Is your pipeline like the following?

pgie --> nvdspreprocess --> sgie
              |
       attach NVDS_PREPROCESS_BATCH_META metadata

You can use it like this, but I think nvdspreprocess may not work as you expect. As you know NVDS_PREPROCESS_BATCH_META will be attached to the batch, not the object(person).

If you are sure that you need to attach the tensor processed from frame to the object, you can consider using nvds_add_user_meta_to_obj to attach user-specific metadata at object level

Hi Jun,

The full pipeline is:
nvurisrbin → nvstreamux → pgie(person detection) → nvtracker → nvdspreprocess(attach NVDS_PREPROCESS_BATCH_META) → sgie(person behavior analysis) → TODO

I mark the end of the pipeline as TODO because I am still undecided as how to approach this final piece. Then end all be all goal would be to save the last ten seconds of the video stream whenever there is a positive prediction i.e. a person has been classifier of the positive class. And this clip has the person’s bbox annotated over the clip. For now I suppose just saving the cropped rgb window(preprocess tensor) will suffice as I should be able to access this in the batch. Will address this later.

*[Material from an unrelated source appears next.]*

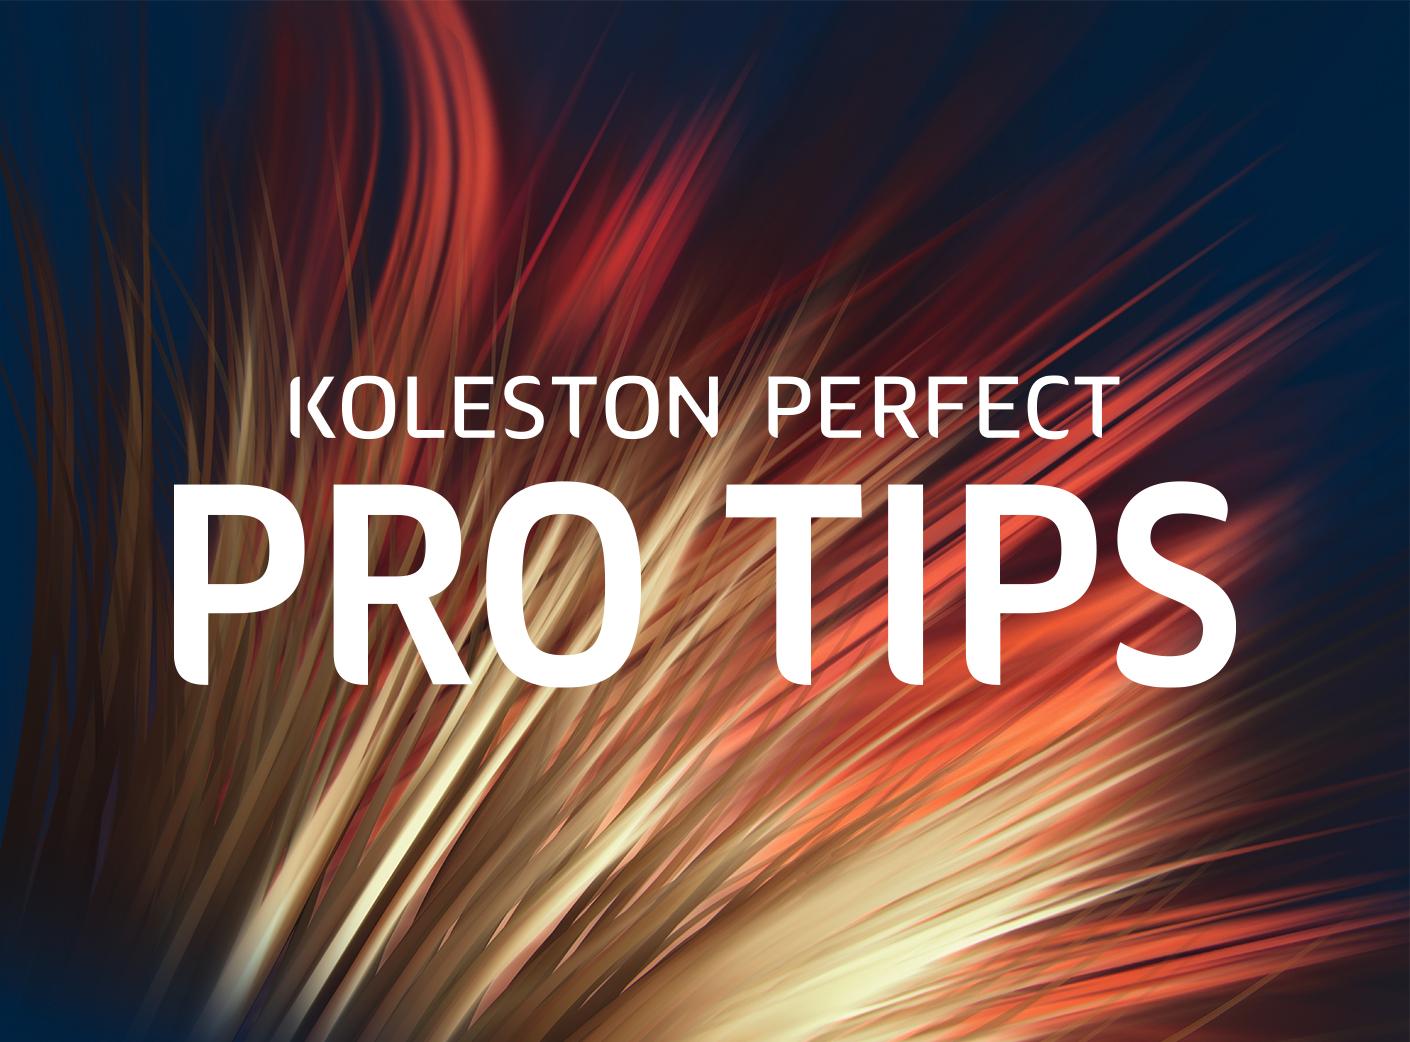 Koleston Perfect Pro Tips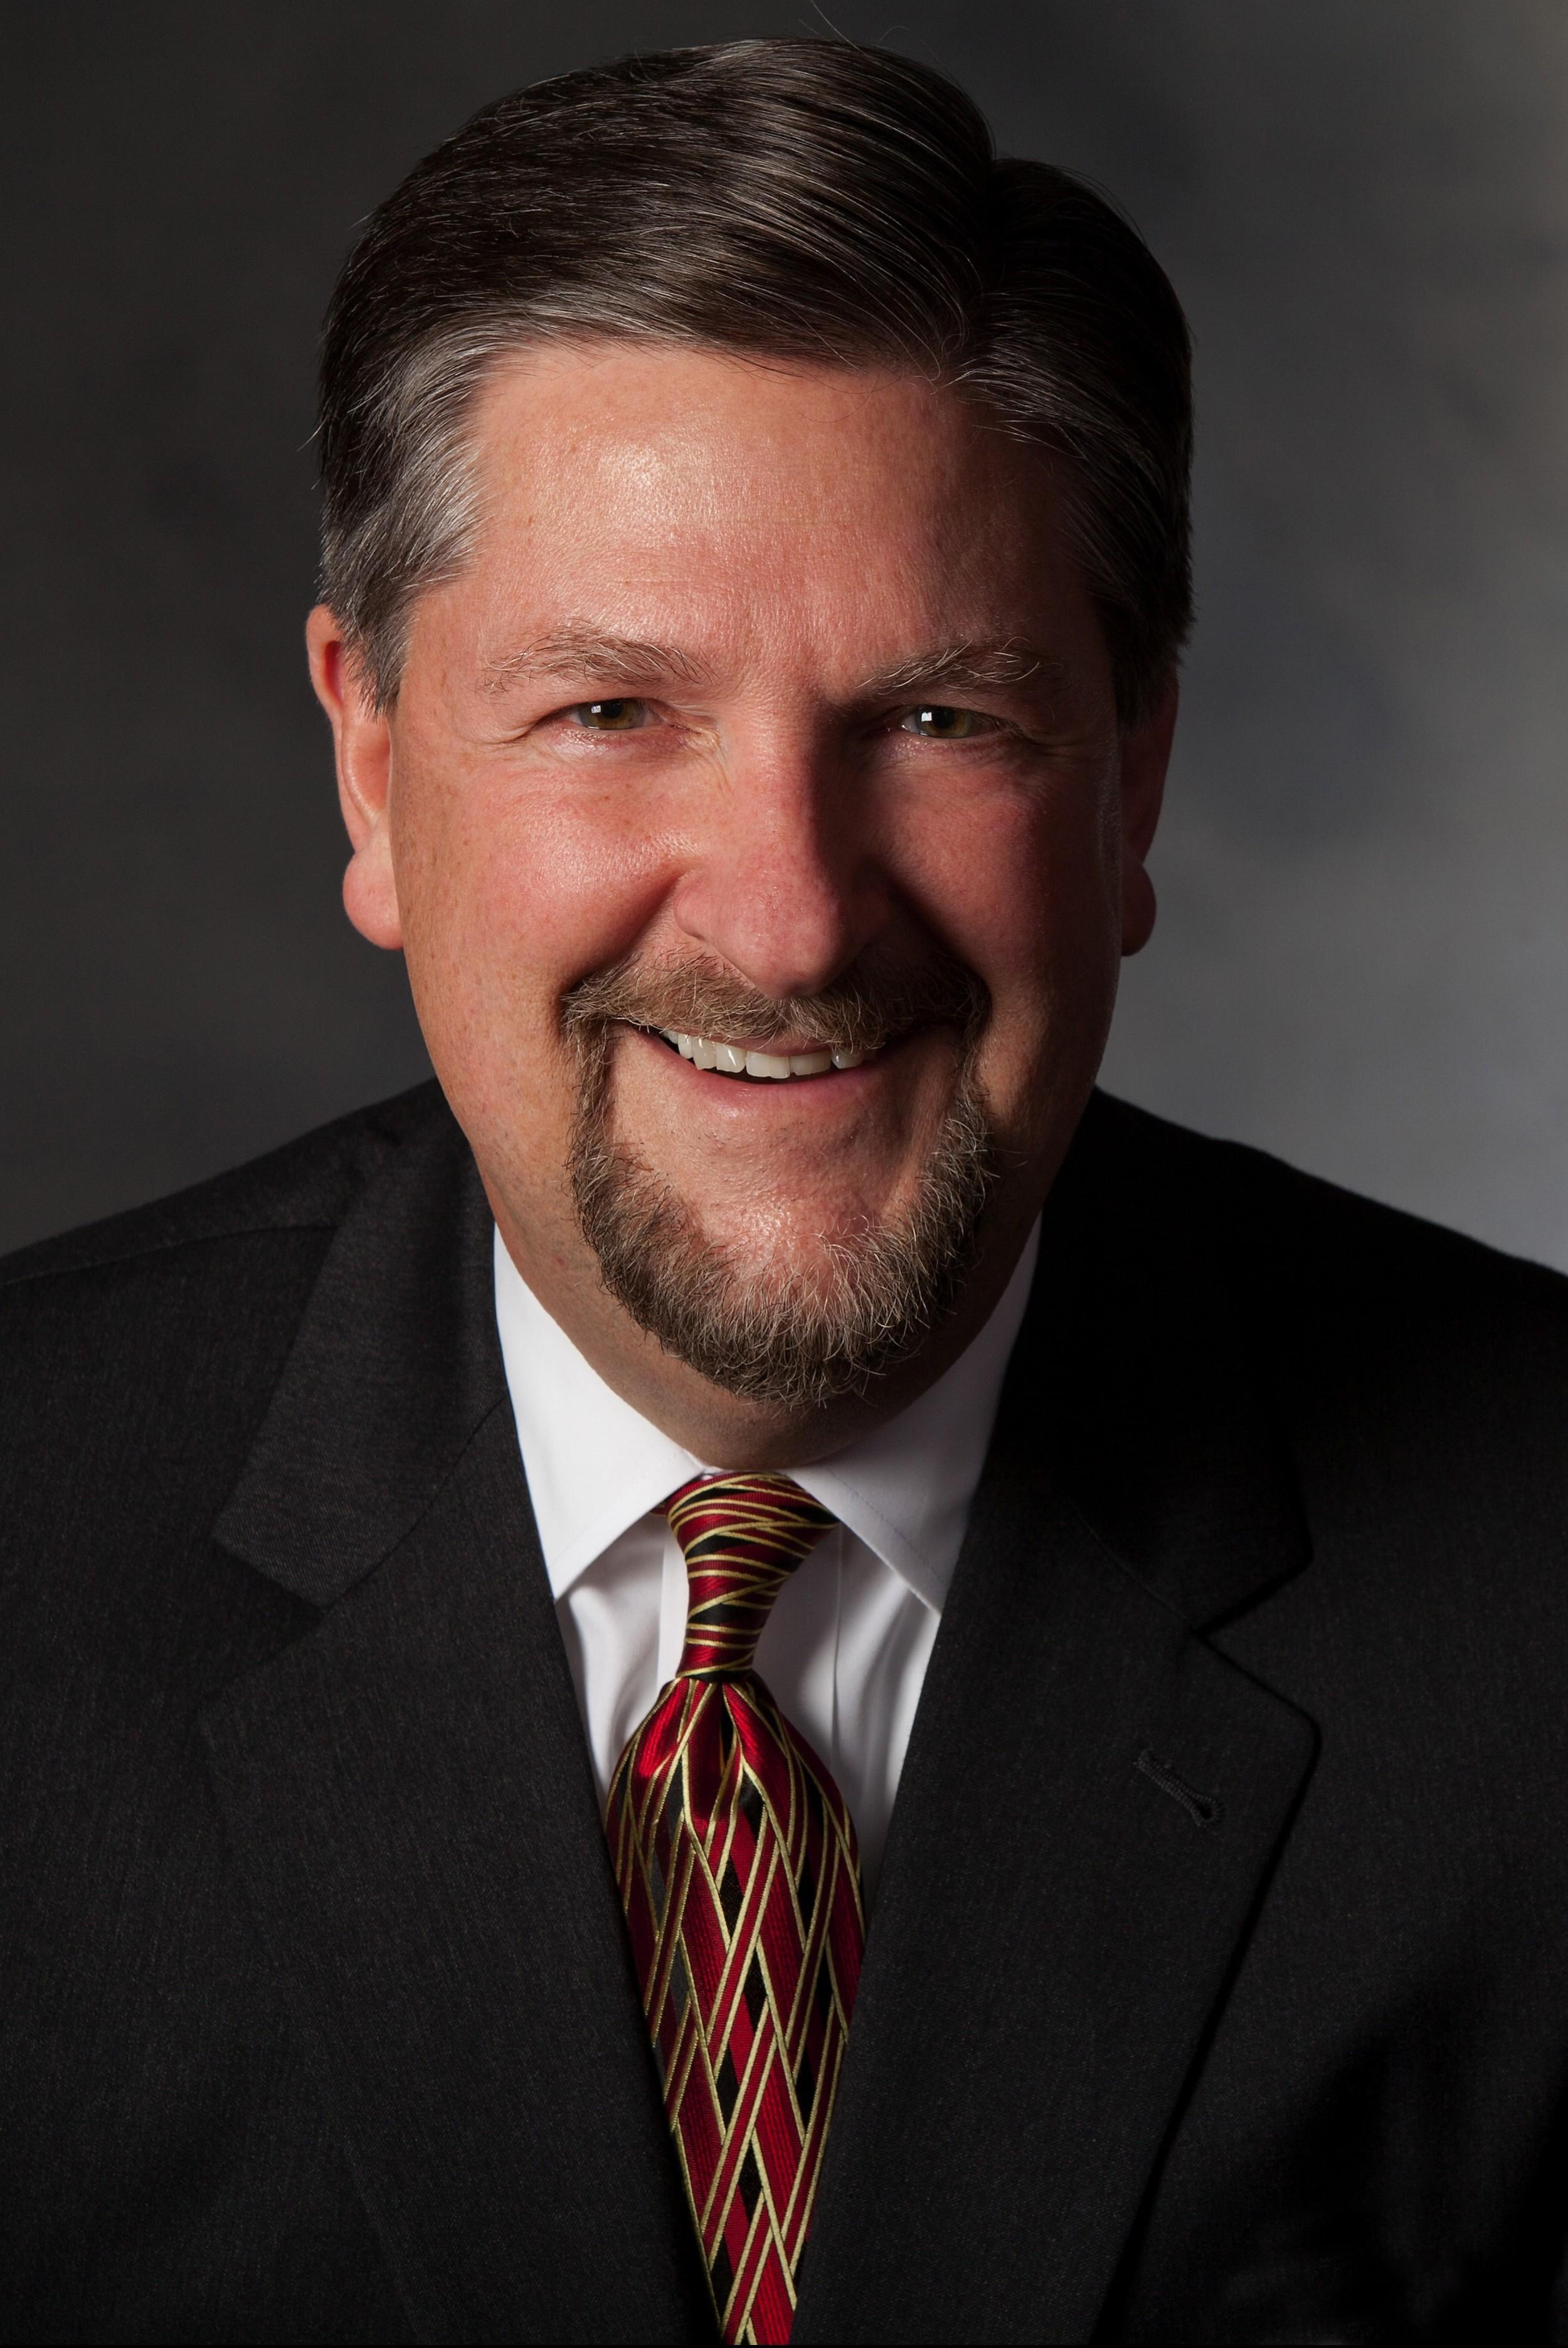 Tom Waltermire, Strategic Adviser at Akron Ascent Innovations

So currently I have the pipeline seemingly working(everything up to ‘TODO’ + fakesink) i.e. it seems the sgie is actually running on the cropped rgb windows indicated by the increased gpu util and latency of the pipeline. I now want to confirm this by attaching a buffer probe to see the raw tensor output from the model. I have created two buffer probes one which goes and looks at the objects(persons) associated in the batch and this seems to be working well i.e. person count is reflective of the underlying supplied video. The second probe I created was trying to look at the raw tensor data output by the sgie. This probe so far sees nothing i.e. I have tried probing both of these:

’ 1. When operating as primary GIE, NvDsInferTensorMeta is attached to each frame’s (each NvDsFrameMeta object’s) frame_user_meta_list. When operating as secondary GIE, NvDsInferTensorMeta is attached to each each NvDsObjectMeta object’s obj_user_meta_list.’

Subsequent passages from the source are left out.